Ecommerce is usually just a generic term for online stores. Is that the particular name of your program? What the website address?


----------



## flirteegirl (Apr 10, 2007)

Try instantestore.com. It is a turn-key ecommerce site with templates and just about anythign else needed to run a successful e-biz.


----------



## monkeyisland90 (Dec 1, 2008)

yah i guess i made people confused.. ecommerce template is actually the name of the program... Shopping cart software for Dreamweaver, Frontpage, CSS ecommerce shopping cart templates i guess not many people use it... i guess i'll use it for now and then upgrade or stay with it if it works.. only 149.00-


----------



## splathead (Dec 4, 2005)

Yes, that one is new to me.
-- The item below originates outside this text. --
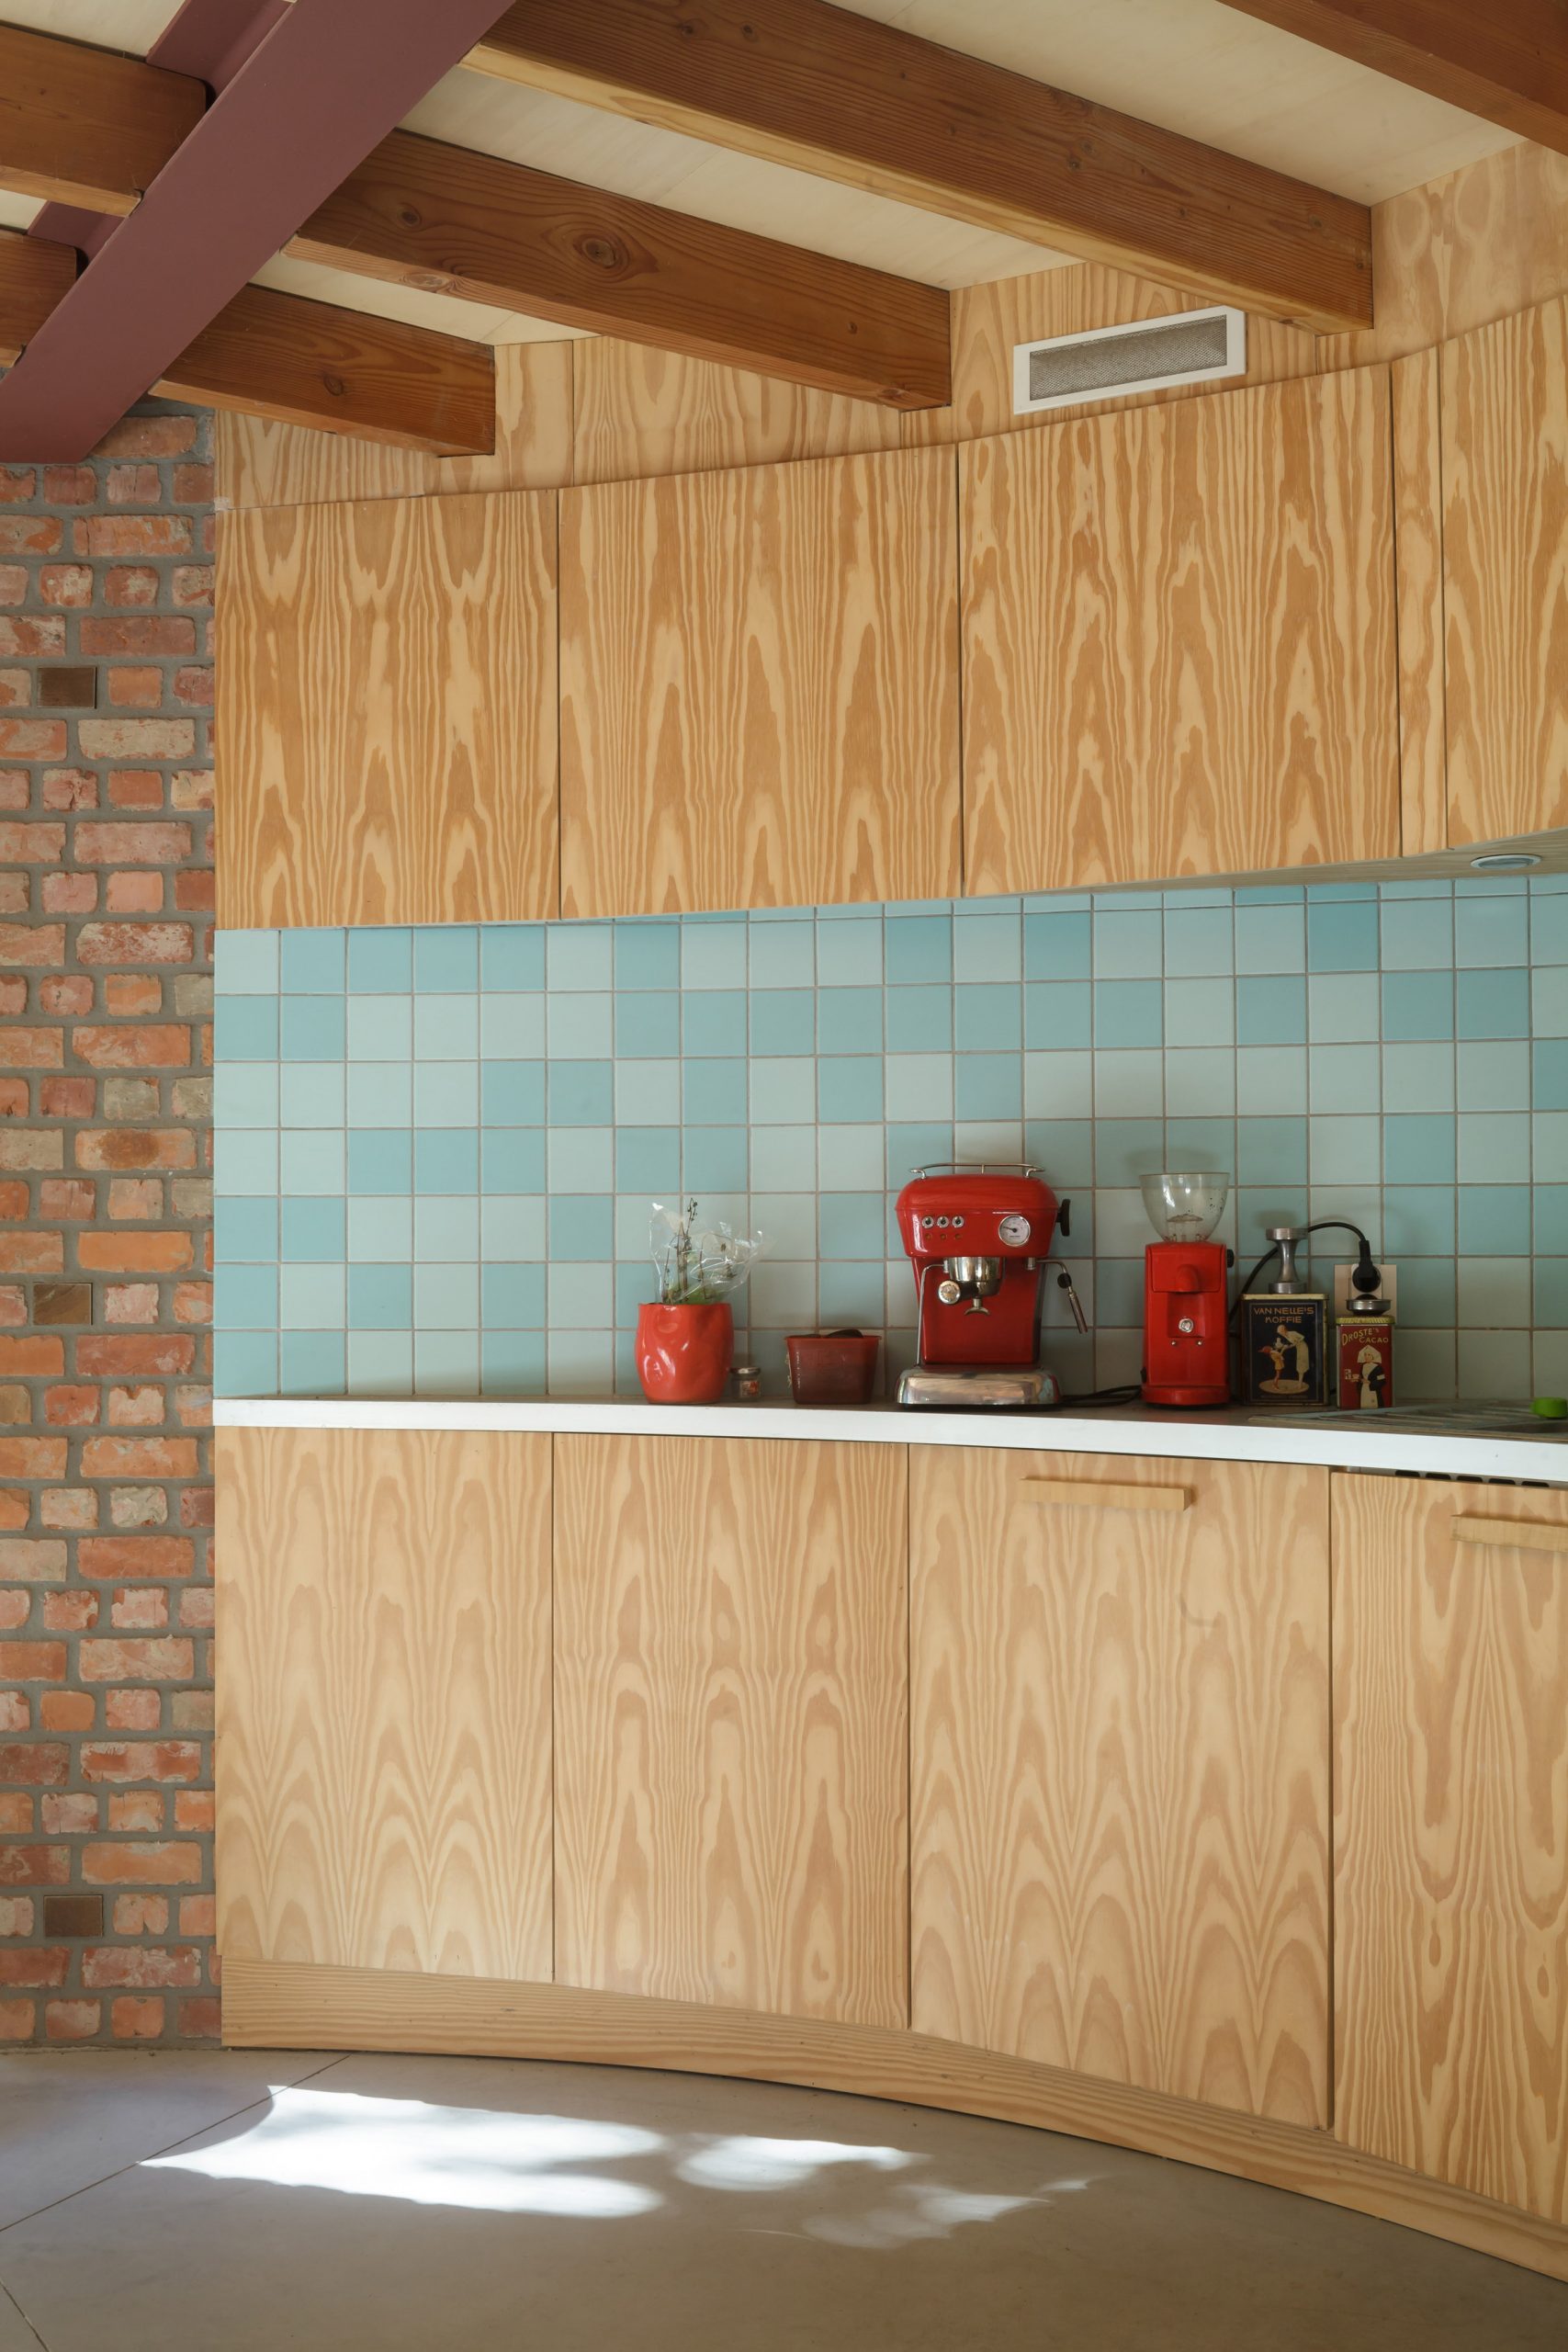 Kitchen of GjG House built of reclaimed bricks by BLAF Architecten in Ghent, Belgium

Are you interested in it because you can use dreamweaver?

You can use dreamweaver on any shopping cart that utilizes an html front end. 

Some of the more robust shopping carts out there are zencart, cubecart, Magento and Virtuemart for Joomla. All are free except cubecart.


----------



## BrandedBaron (Jan 5, 2009)

Monster Template Network Frontpage, Dreamweaver, Flash Templates, Logo Templates
Monster template usually has some templates. It could possibly help you.


----------



## flirteegirl (Apr 10, 2007)

I found two great new resouces for online selling. It's a plug-in that you can use to sell on MySpace, Facebook, your blog, just about anywhere. The first is called E-Junkie (www.e-junkie.com) and the other is caleld ShopIt (www.shopit.com). One is very affordable and I believe the other is free.


----------



## adub47 (Jul 2, 2008)

Big Cartel is also another one to checkout...Big Cartel Bringing the Art to the Cart


----------